▶ [Aim of the exercise]:
In the listing below, the lines starting at the line with "Curtis Island Accommodation Project" and ending at the line with "Passion Ring on light color background." are to be output verbatim. Images stay out of the copy.

#### Data records

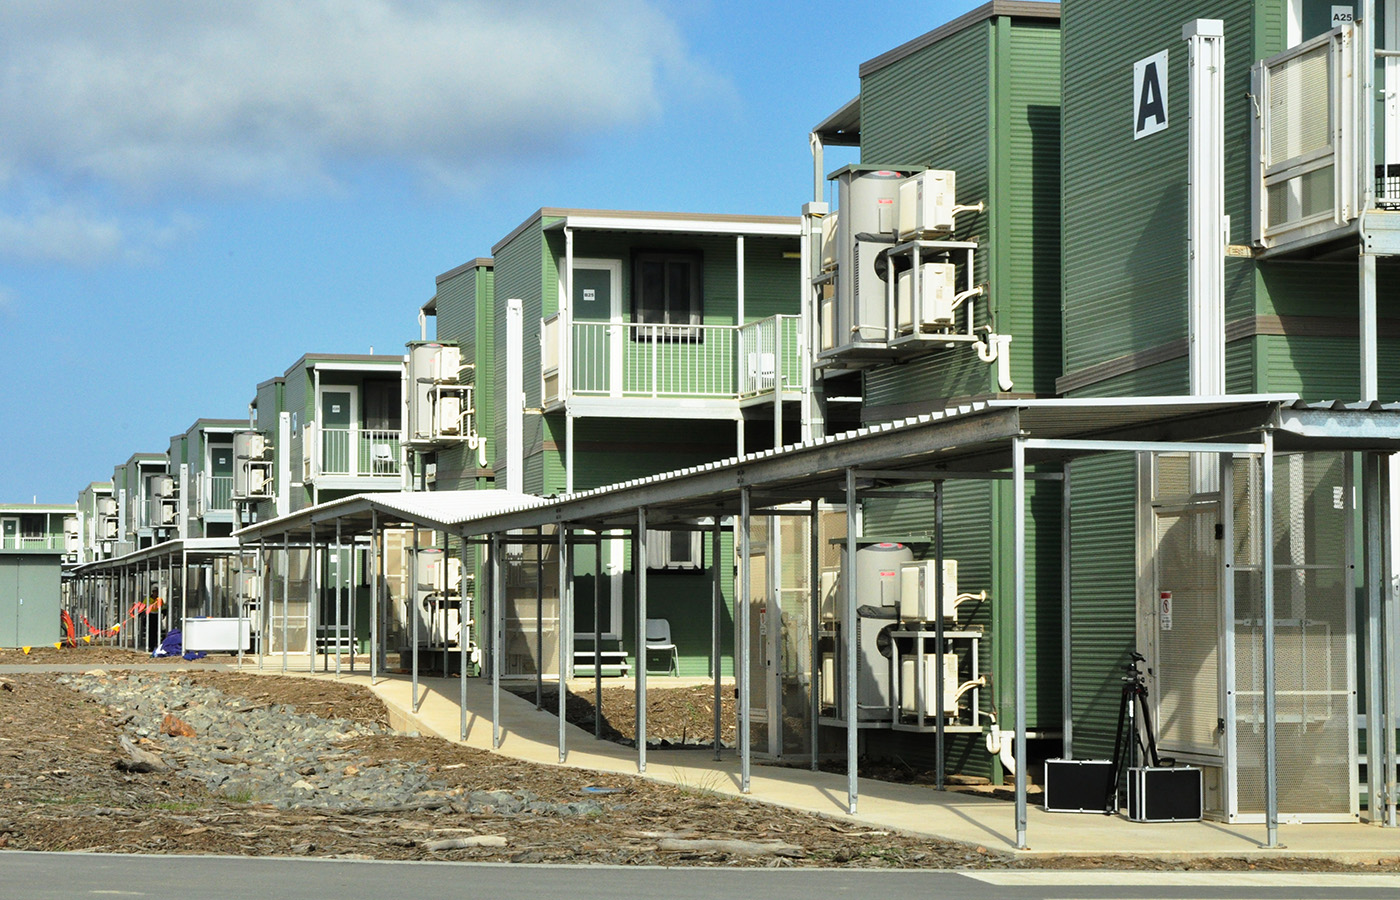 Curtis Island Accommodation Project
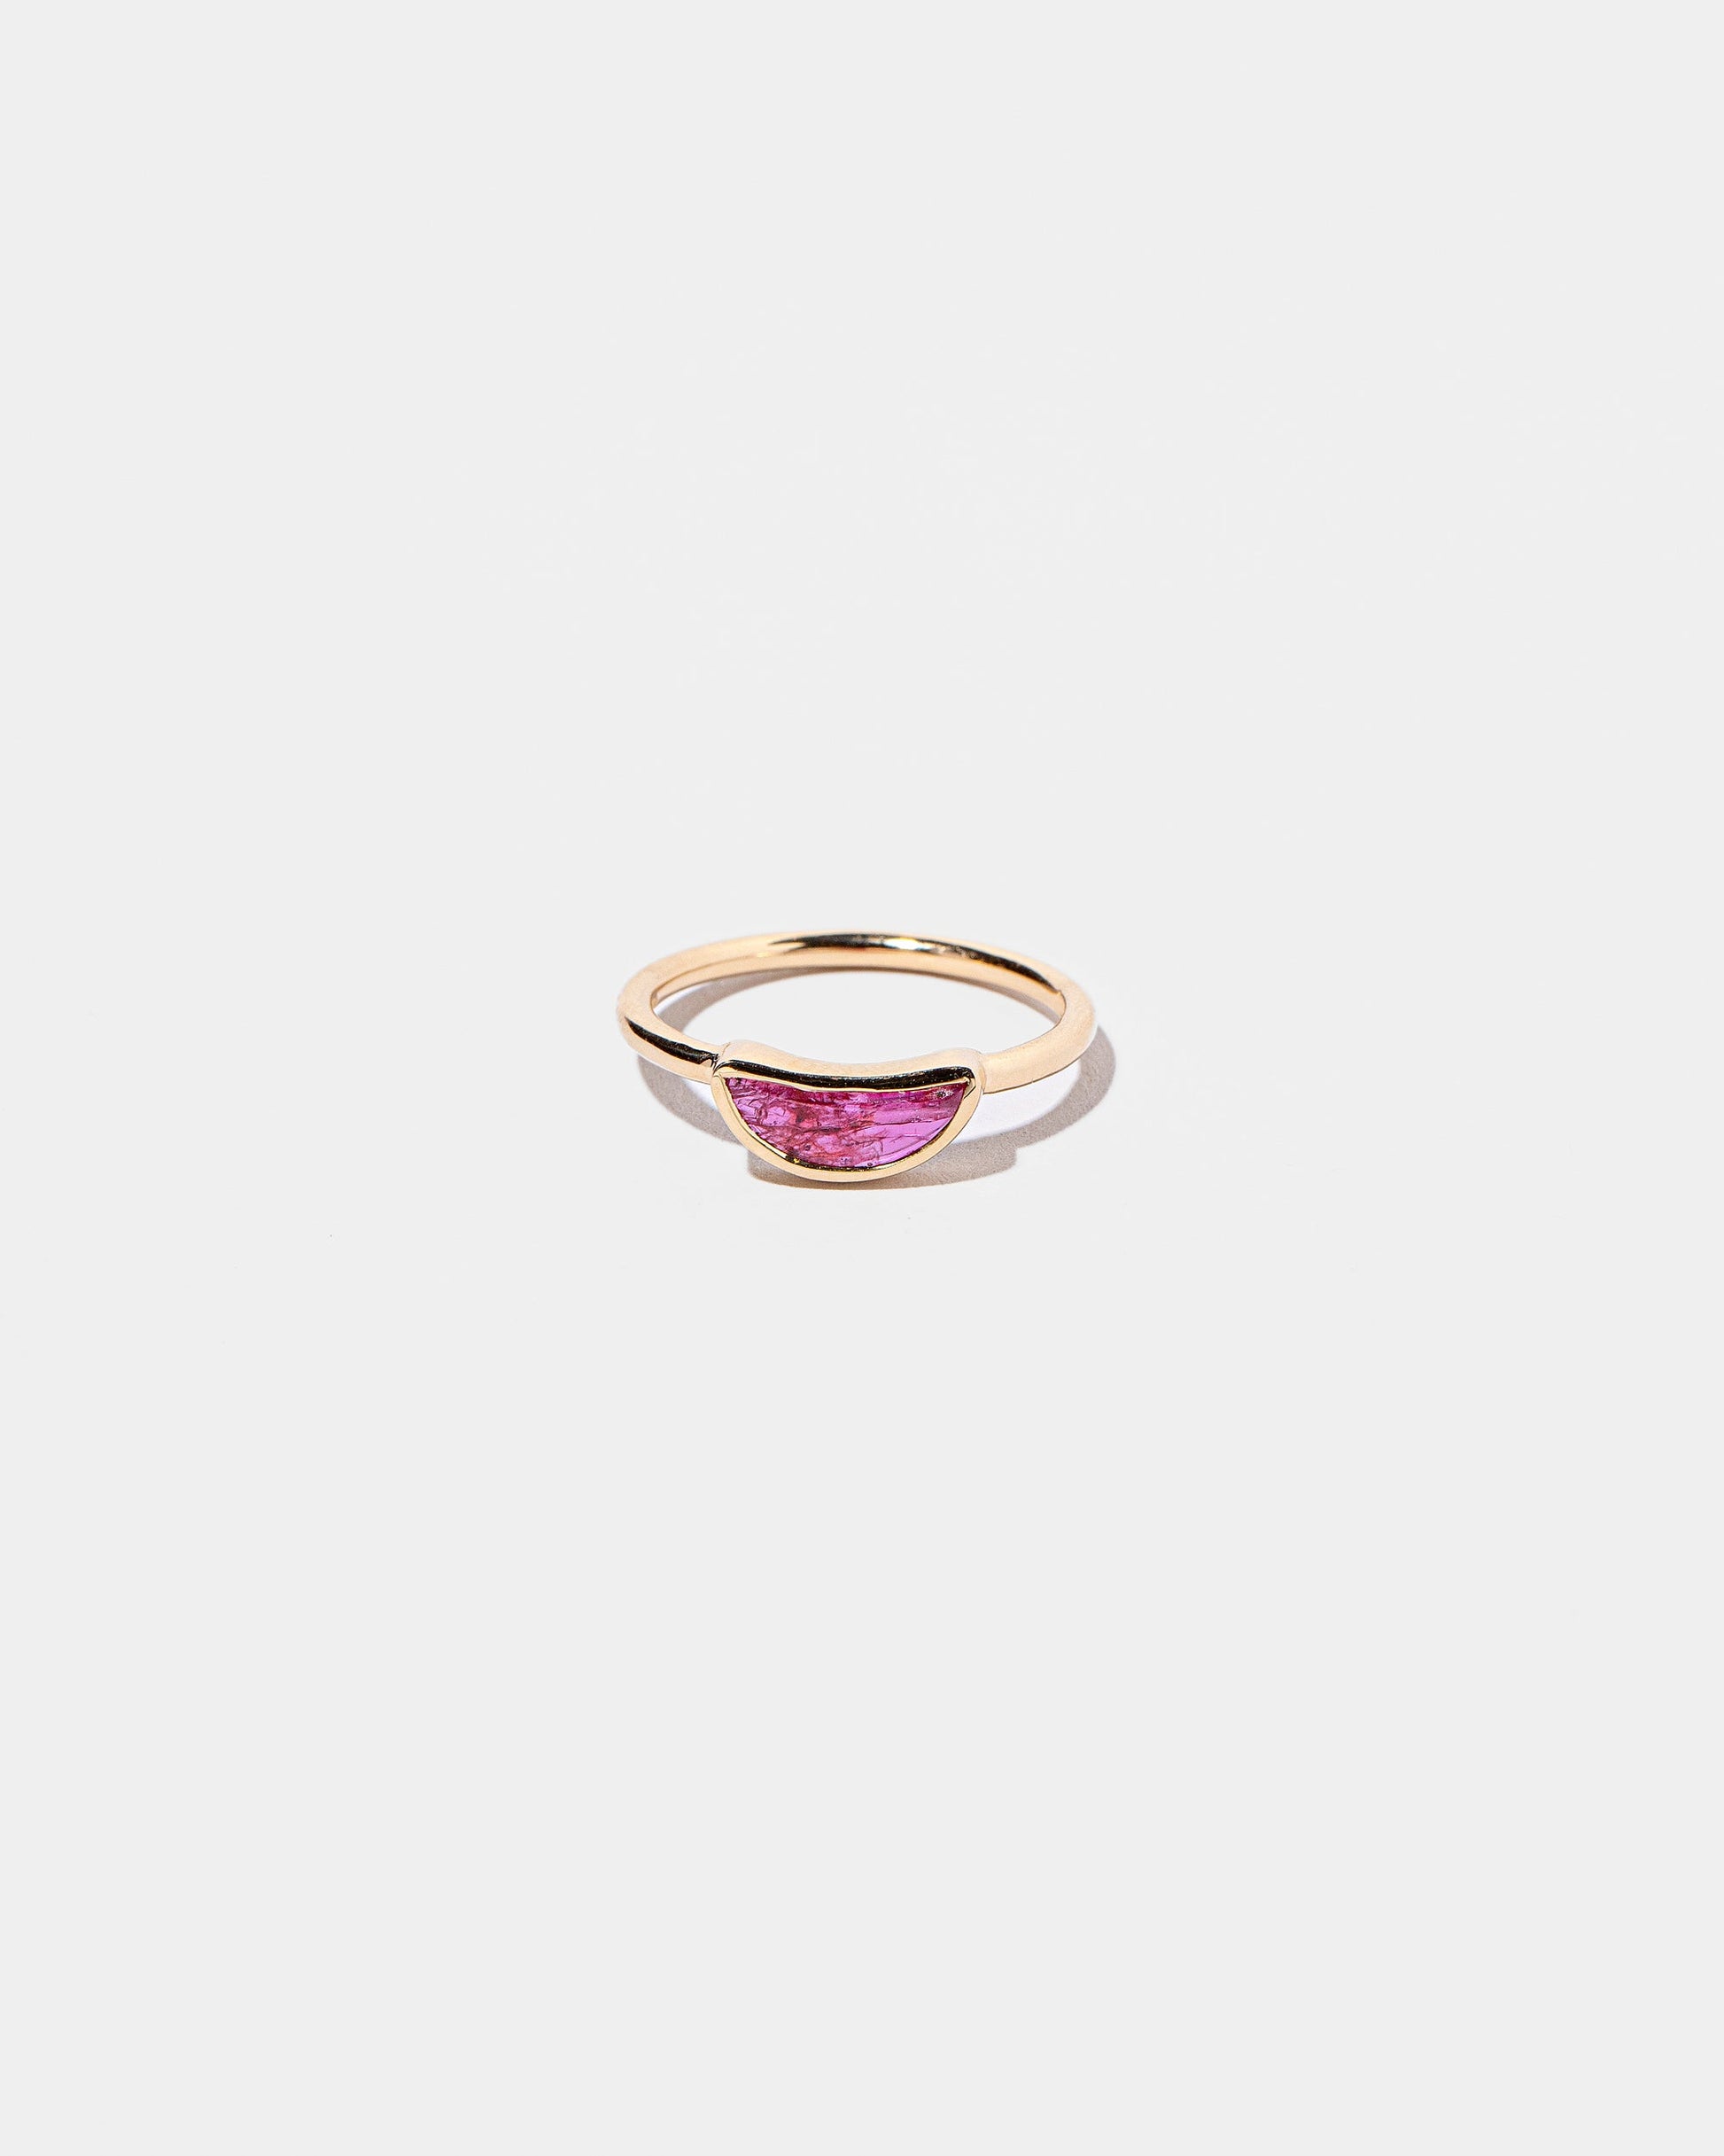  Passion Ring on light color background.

########
#### Data records

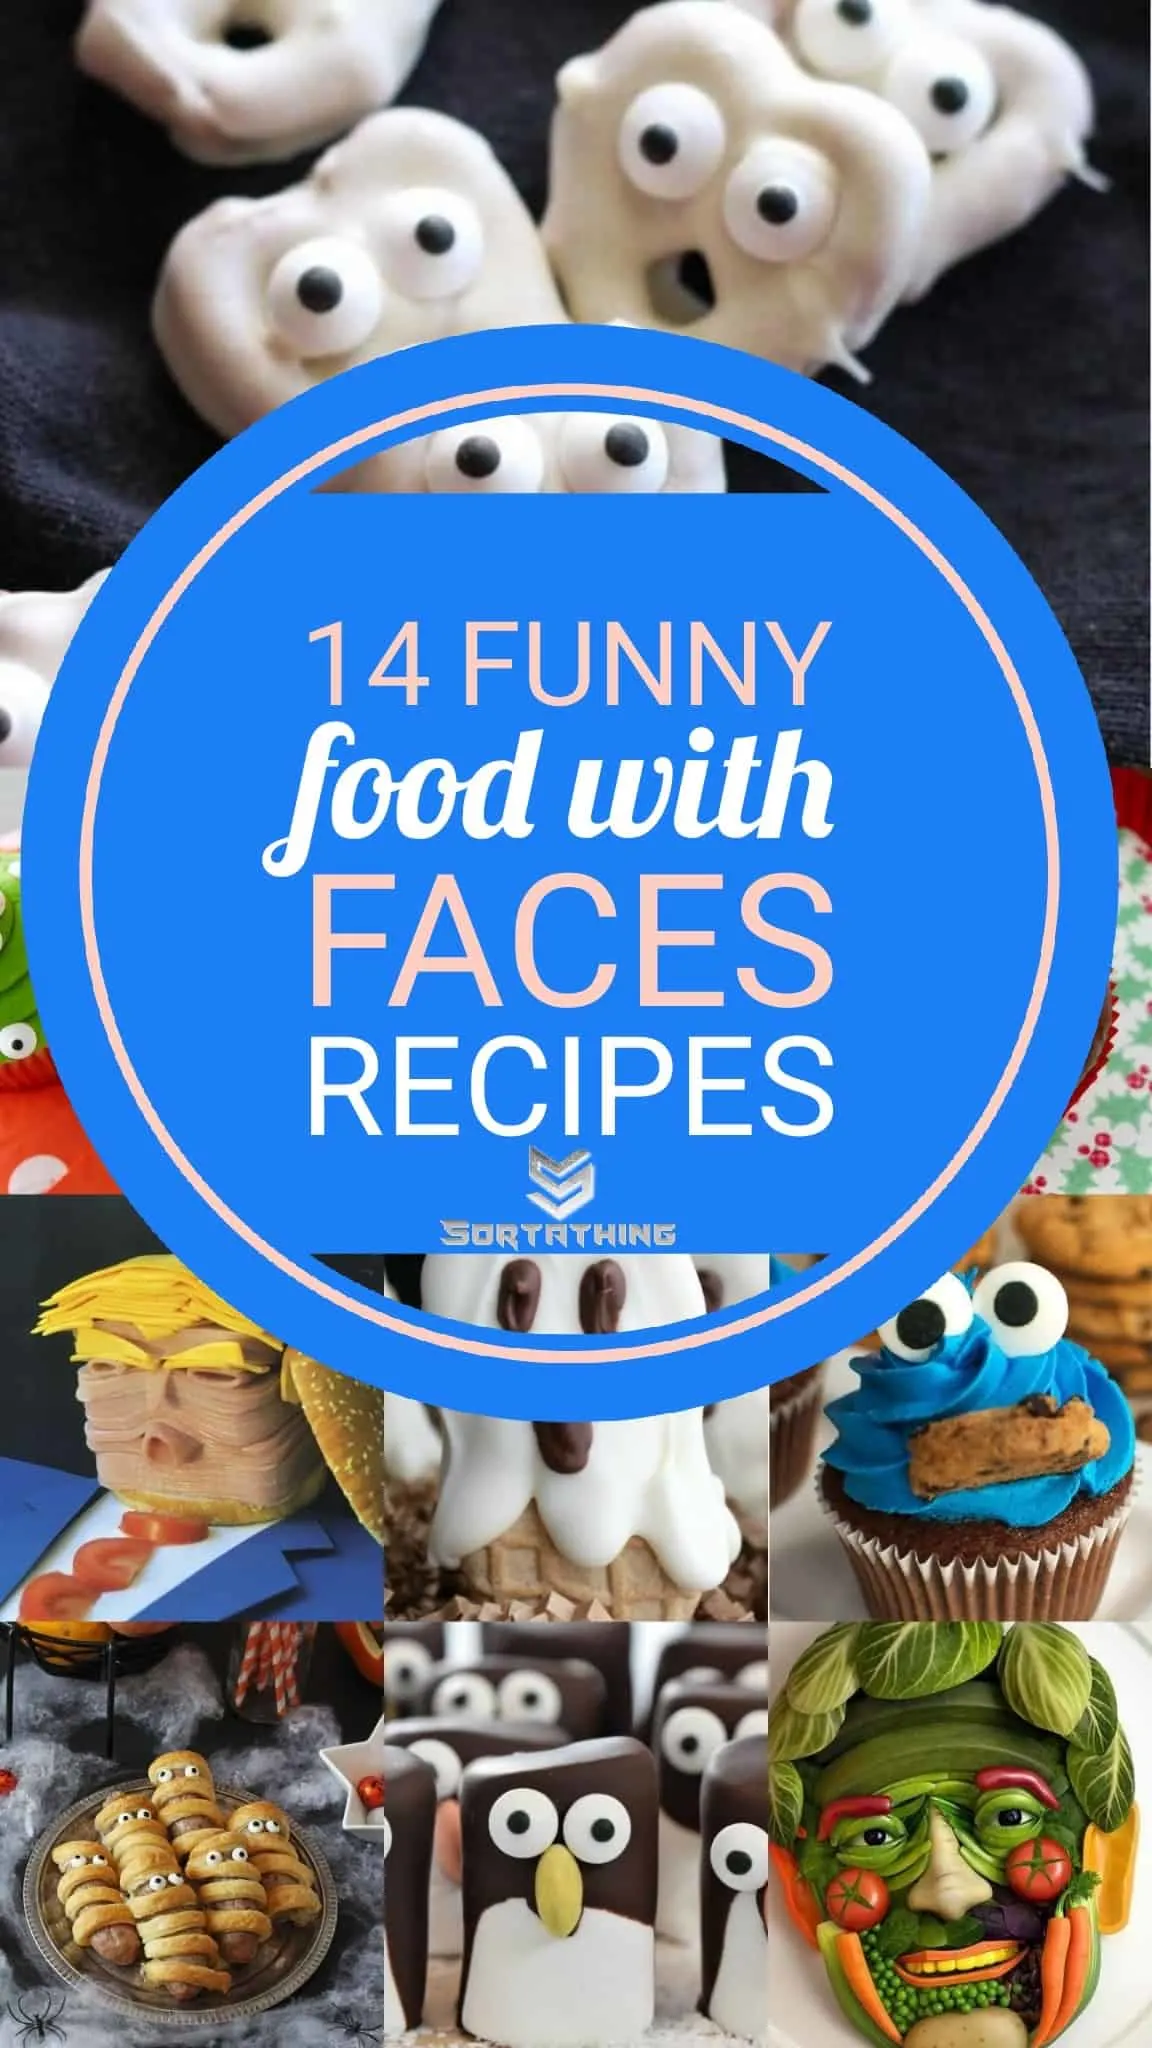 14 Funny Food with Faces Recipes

########

▶ [Response area]:
 Curtis Island Accommodation Project
  Passion Ring on light color background.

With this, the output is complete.